Lorraine T. Hunt (born March 11, 1939) is an American businesswoman, former politician and entertainer who served as the 32nd lieutenant governor of Nevada from 1999 to 2007.

Hunt was elected to the Clark County Commission in 1994, defeating Democratic incumbent Karen Hayes. As a Clark County Commissioner, Hunt served as the first woman Chairperson of the Las Vegas Convention and Visitors Authority (LVCVA), Vice-Chair of the University Medical Center (UMC), and Trustee, McCarran International Airport Board of Trustees.
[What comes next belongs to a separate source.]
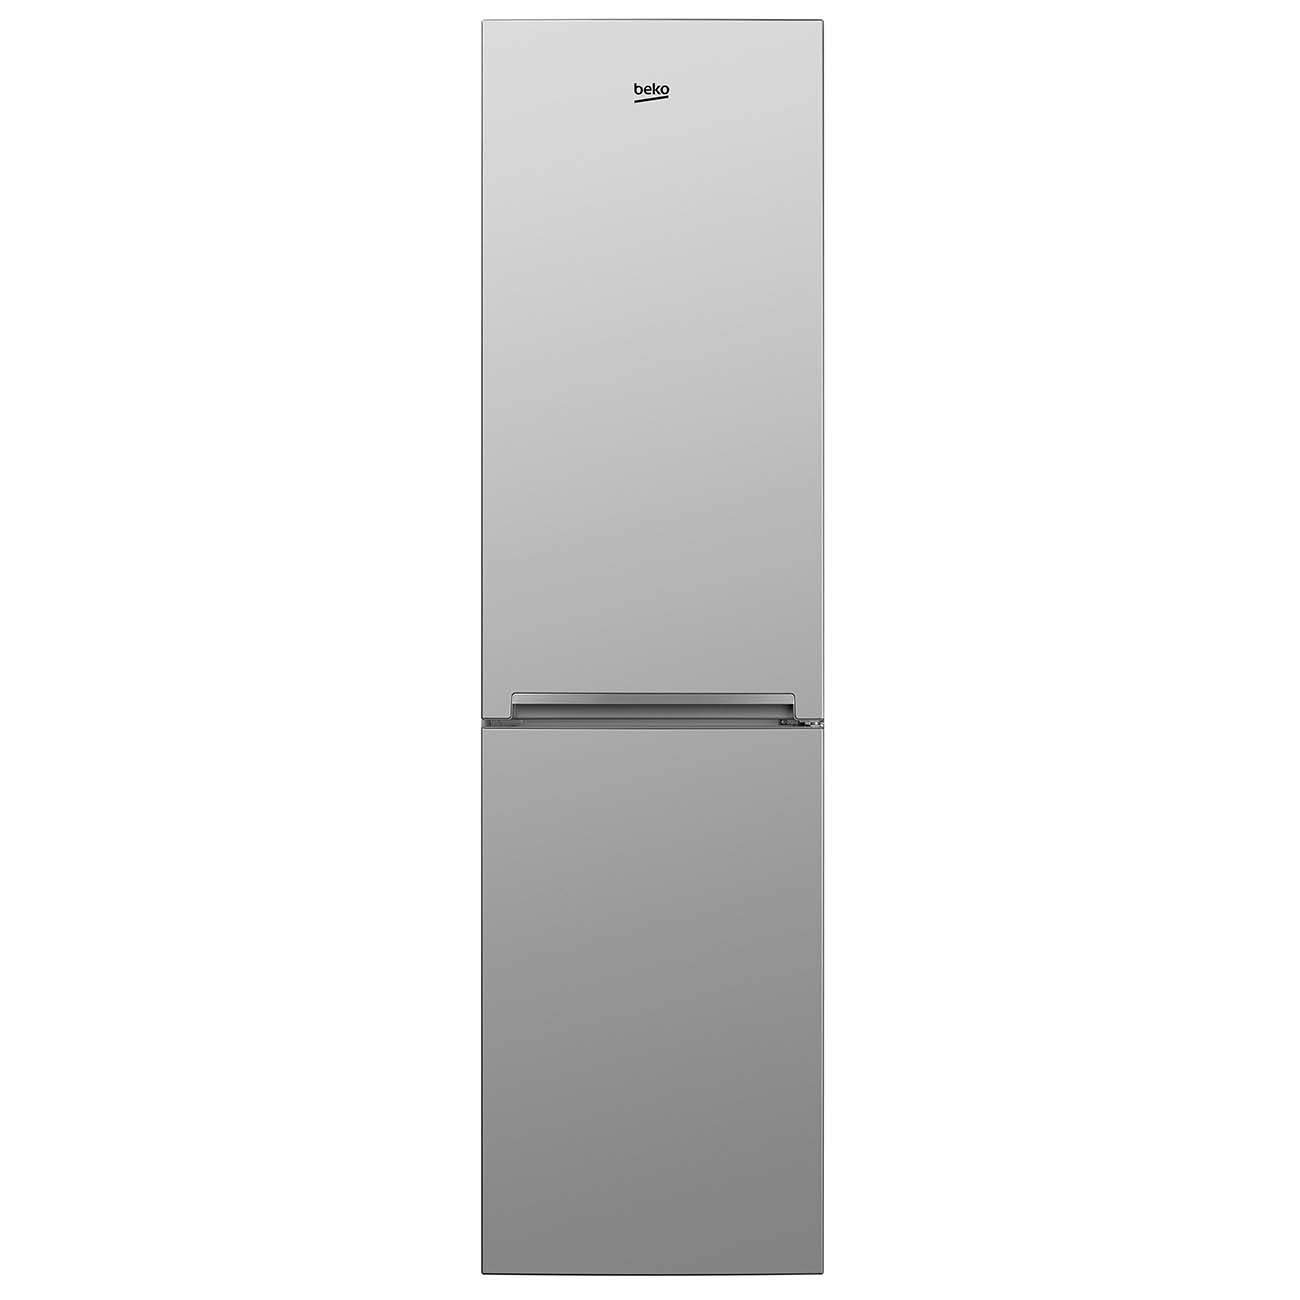 Холодильник Beko CSKDN6335MC0S серебристый, купить в Москве, цены в интернет-магазинах на Мегамаркет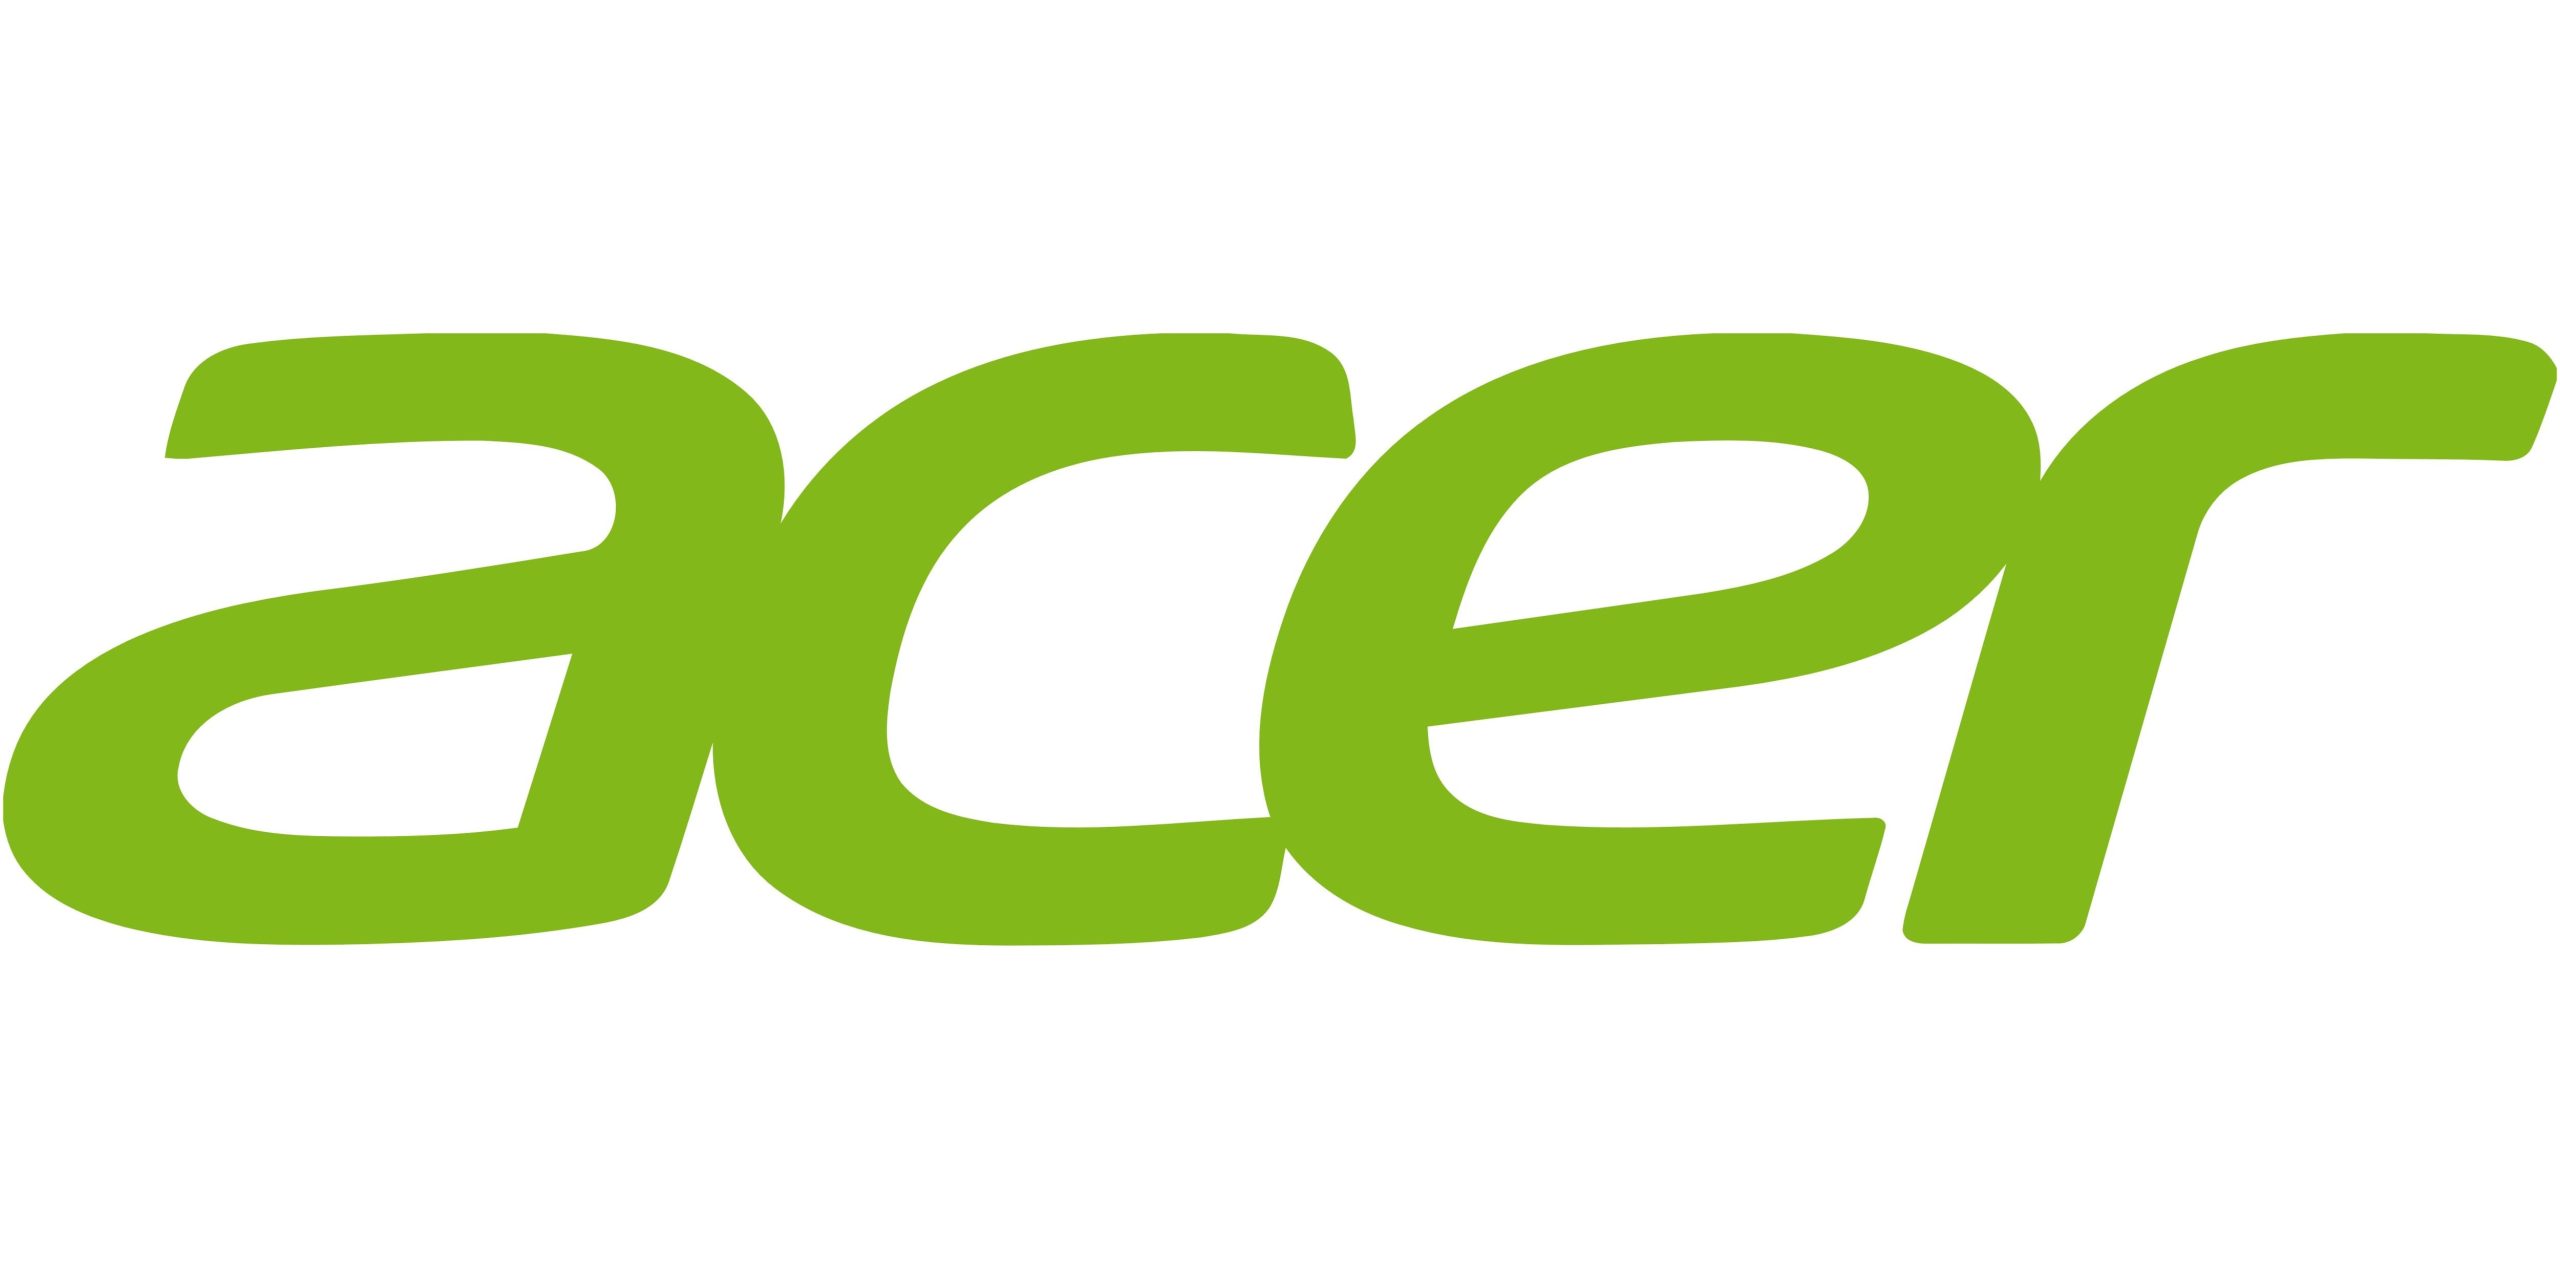 Acer-logo-scaled

In 1998 Hunt was elected Lieutenant Governor of Nevada, defeating Democrat Rose McKinney-James. She was re-elected in 2002 by defeating Democratic Clark County commissioner Erin Kenny. As lieutenant governor, Hunt focused primarily on tourism and economic development related policies.  She served as President of the Nevada State Senate, a member of Governor Kenny Guinn's cabinet, Chairwoman of the State Tourism Commission, Chairwoman of the State Economic Development Commission, and Vice Chairwoman of the Department of Transportation Board of Directors.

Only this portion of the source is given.